Background technique
At this stage, popularizing with Internet technology, shopping online has been the important component of people's daily life,
At the same time, shopping online has also driven the development of logistic industry, and there is great demand in entire society in logistics and transportation industry.
Currently, the development model of China Logistics industry is just gradually changed into robot automtion transport by labour's Transportation Model
Mode, traditional logistics sorting device are also difficult to meet fast-developing logistics at present, as society constantly advances,
There is an urgent need to can fast implement the logistic sorting machine structure of goods sorting to be suggested.

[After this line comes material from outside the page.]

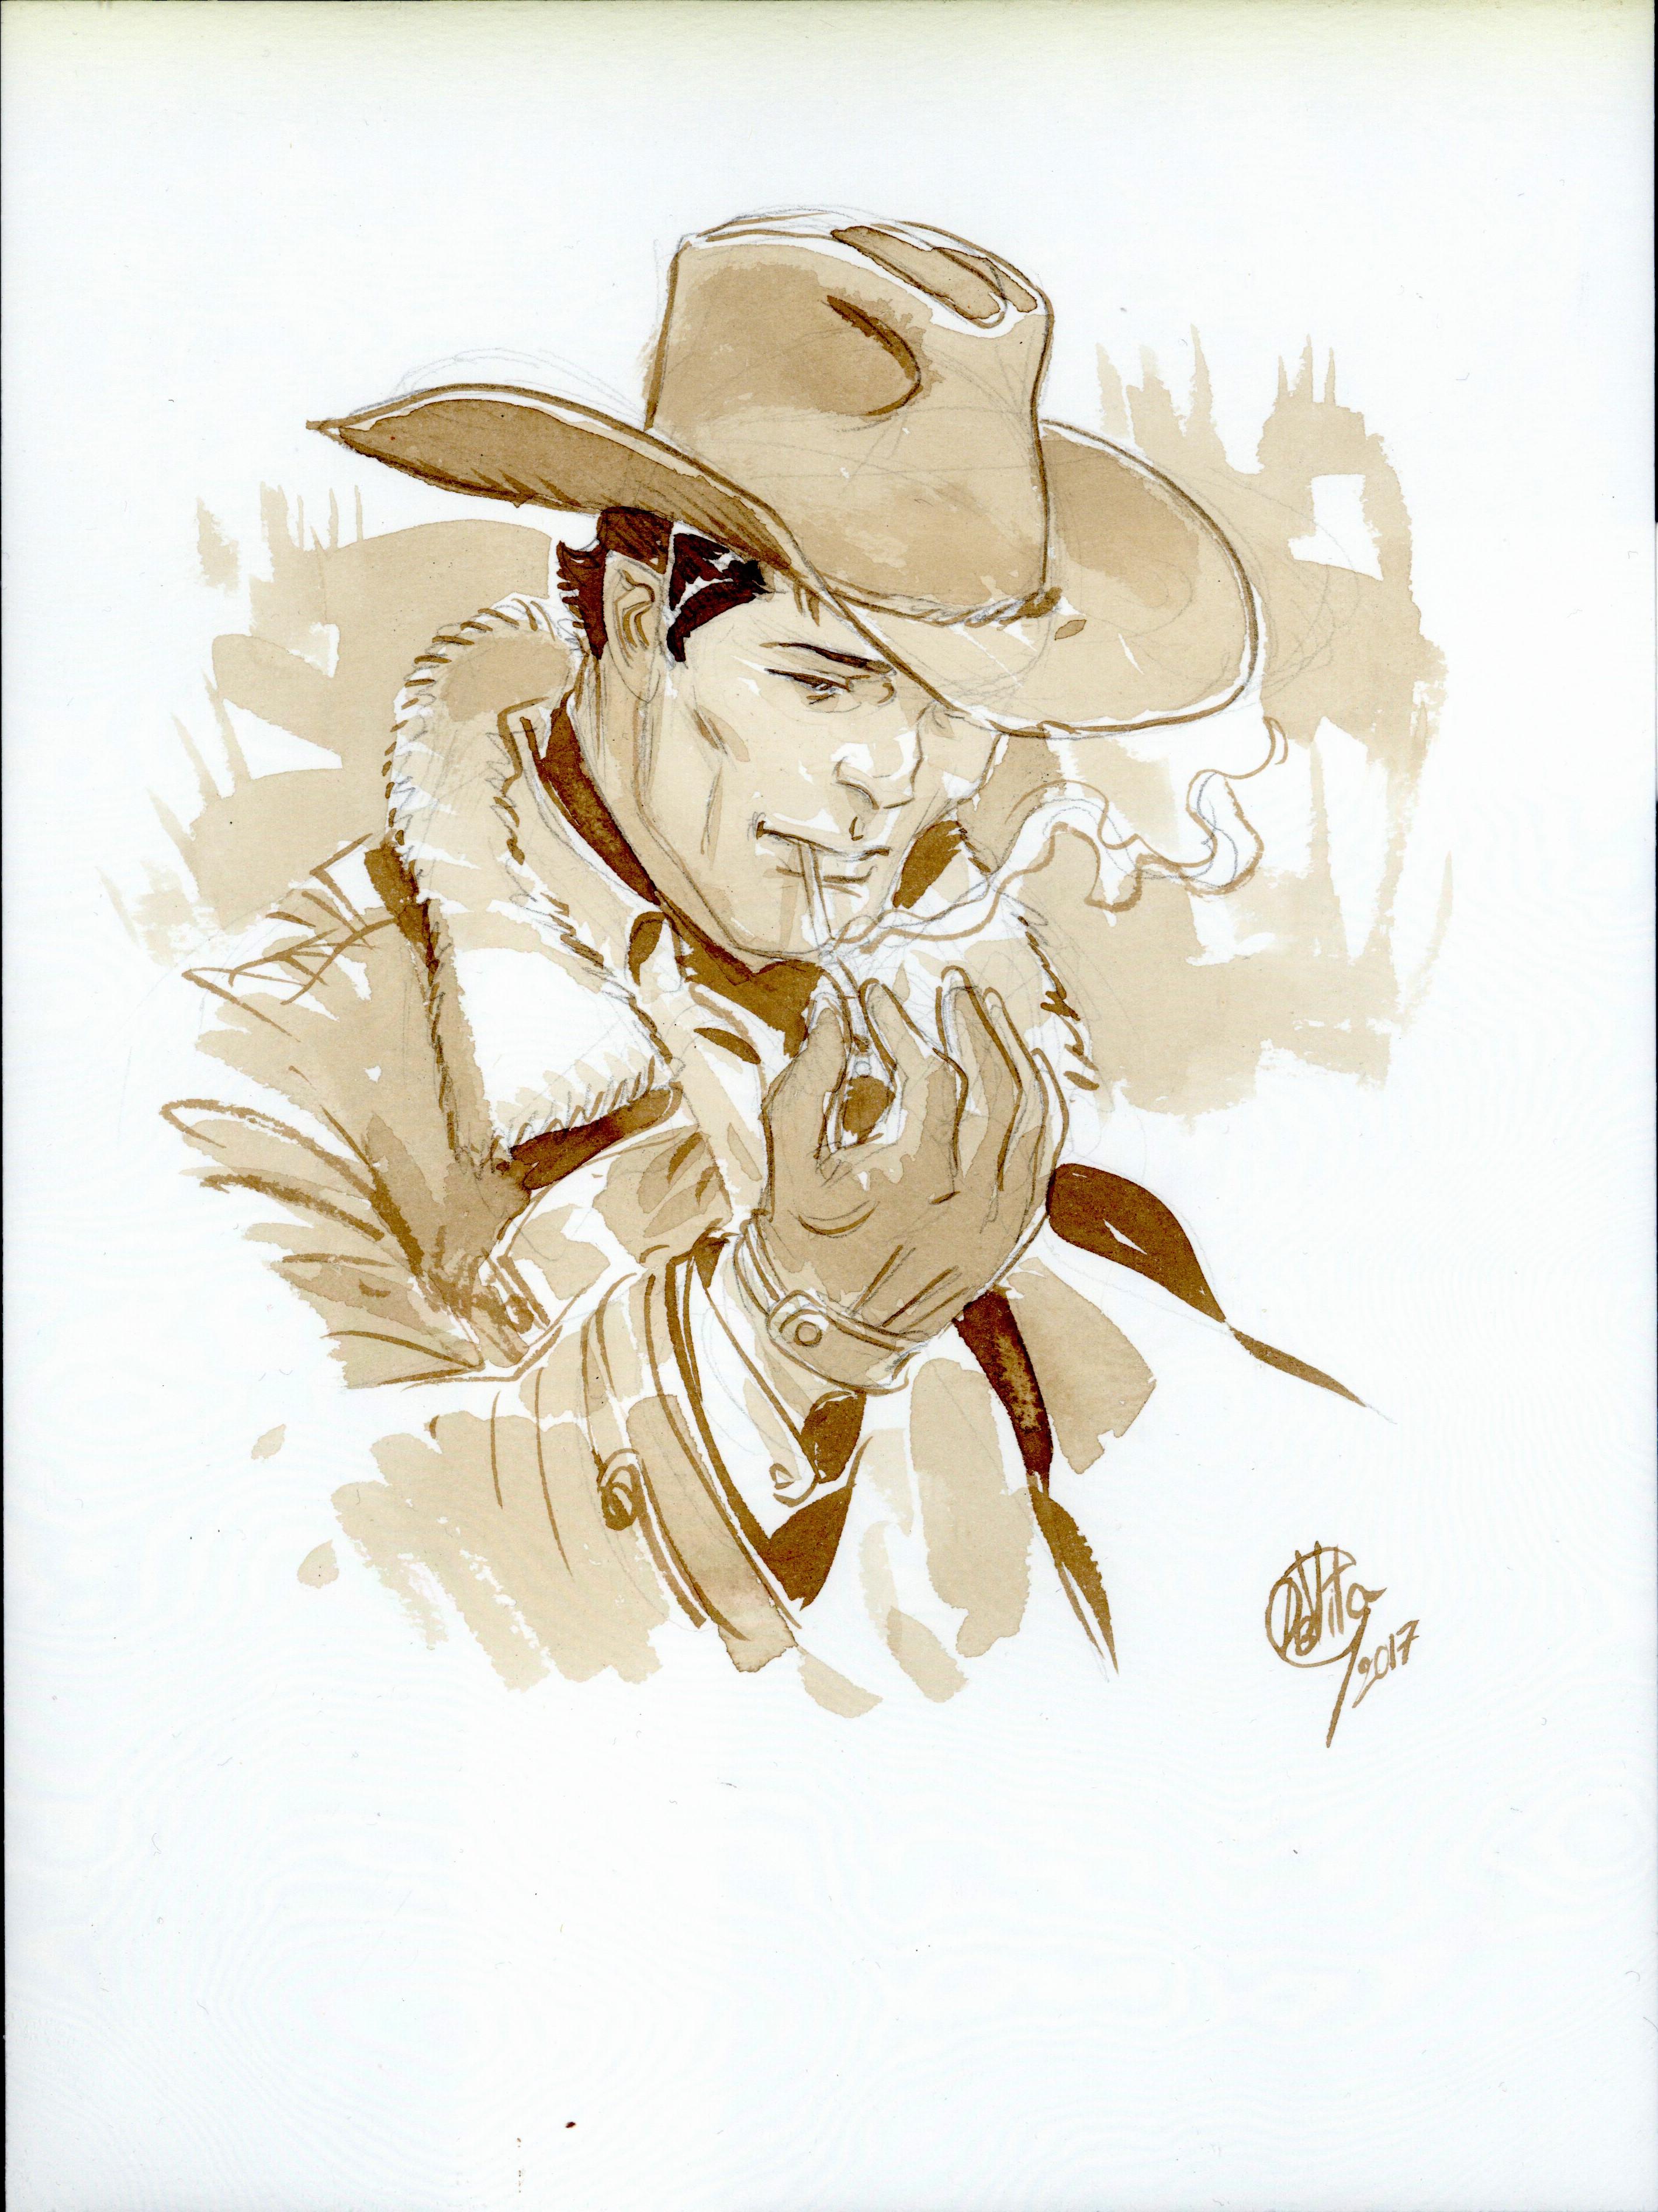 de-vita-cowboy-avec-cigarette-37sx.jpg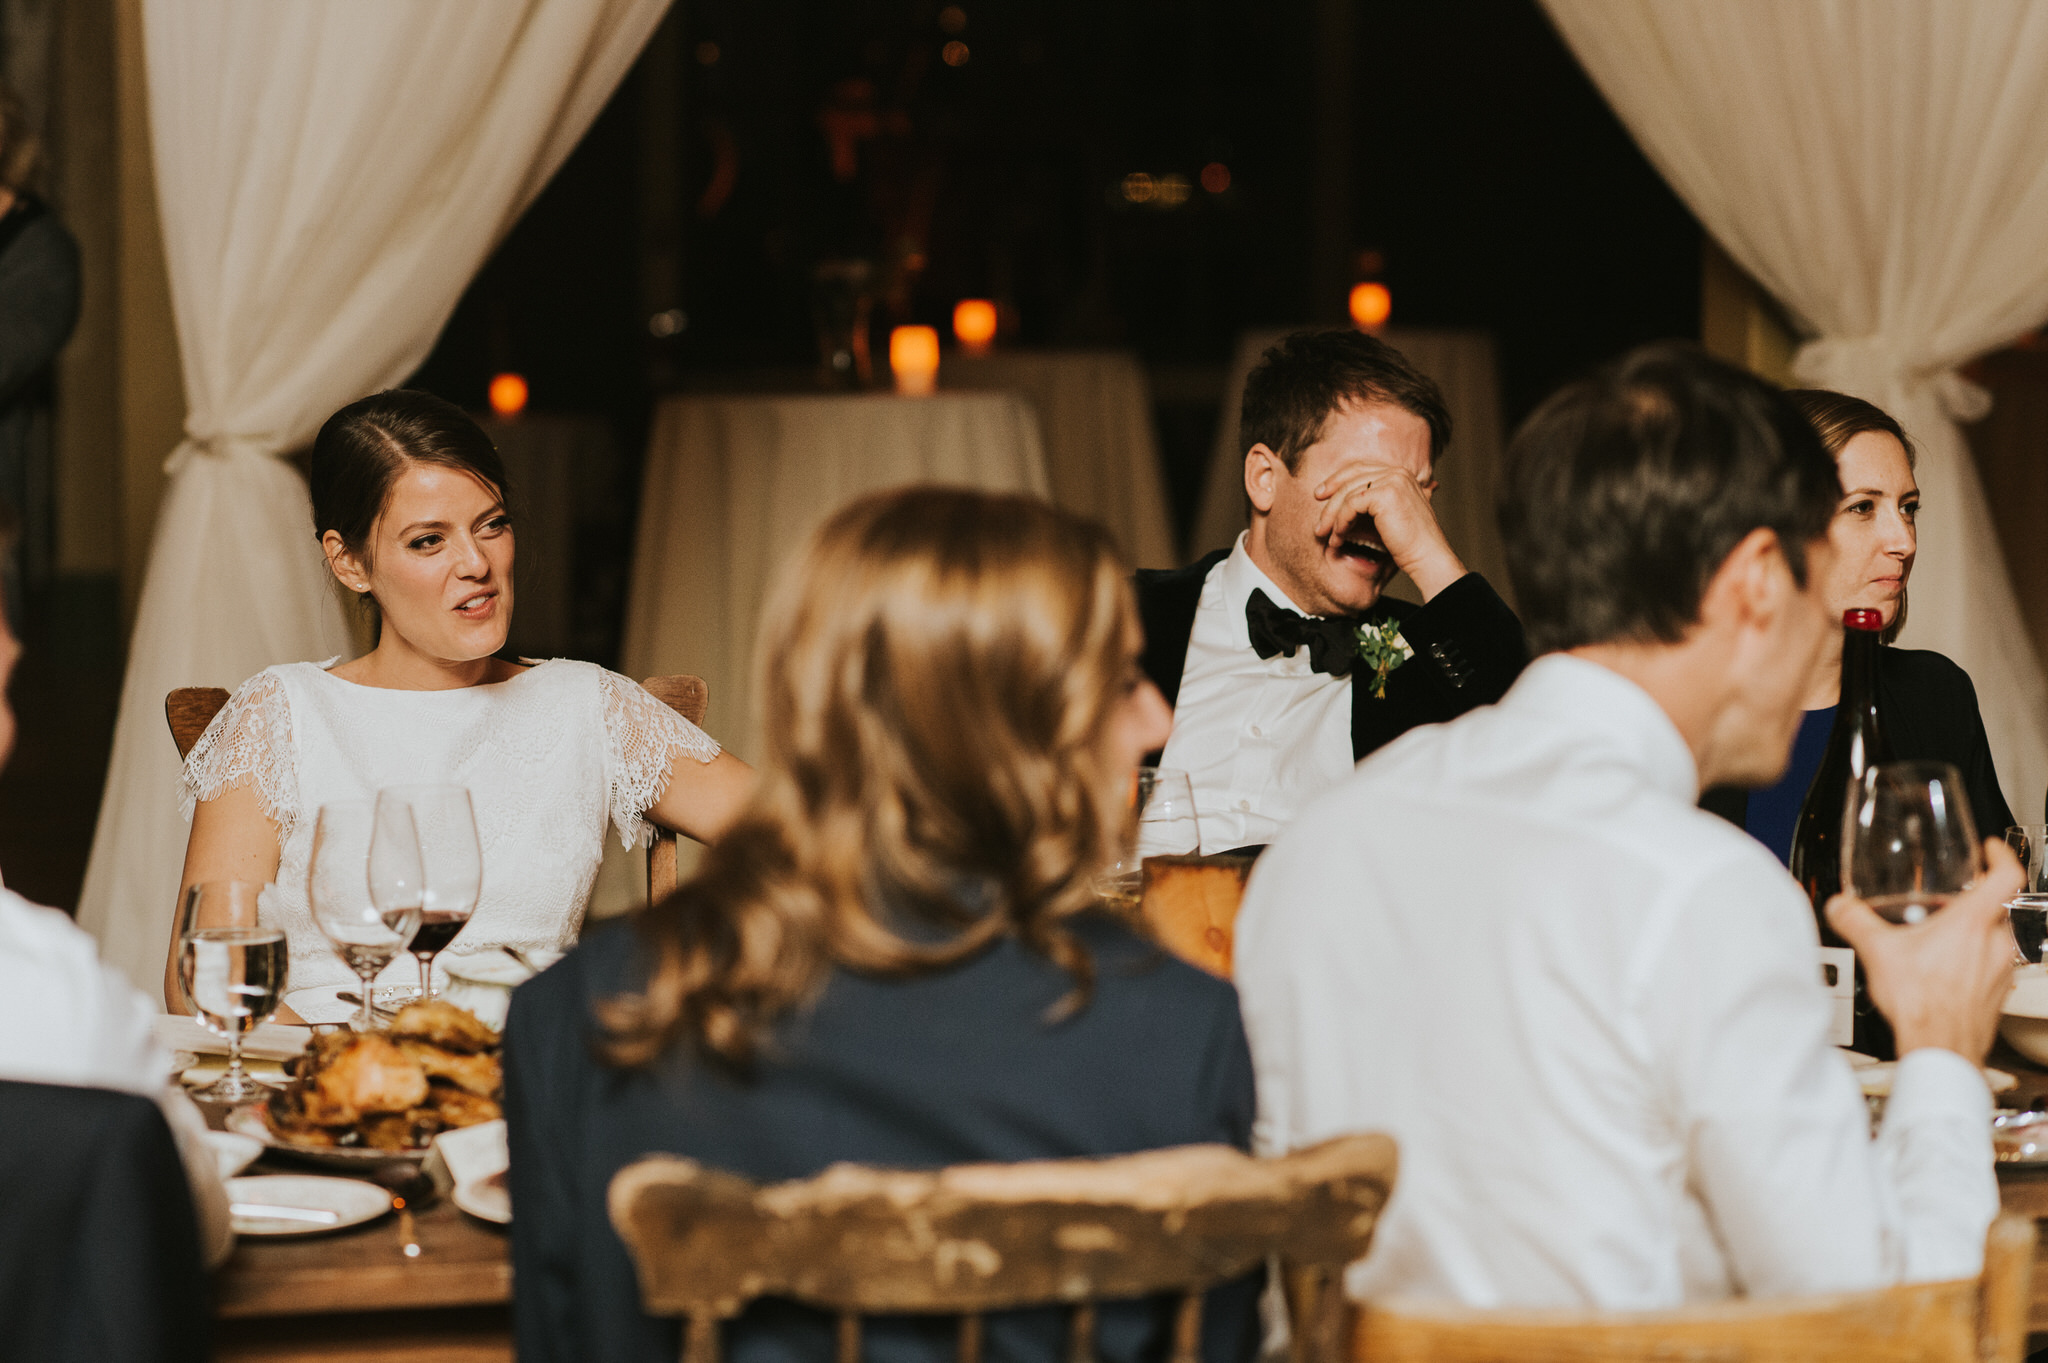 scarletoneillphotography_weddingphotography_prince edward county weddings159.JPG

Existing logistic sorting machine structure mostly uses single institution to be sorted greatly, as publication number CN201810727921 is proposed
" a kind of logistic sorting machine device people ", the rare logistic sorting machine structure designed using modularization idea.
Summary of the invention
In view of the deficiencies of the prior art, a kind of based on gyroscopic procession effect the technical problem to be solved by the present invention is to propose
The modular logistics sorting platform and method answered.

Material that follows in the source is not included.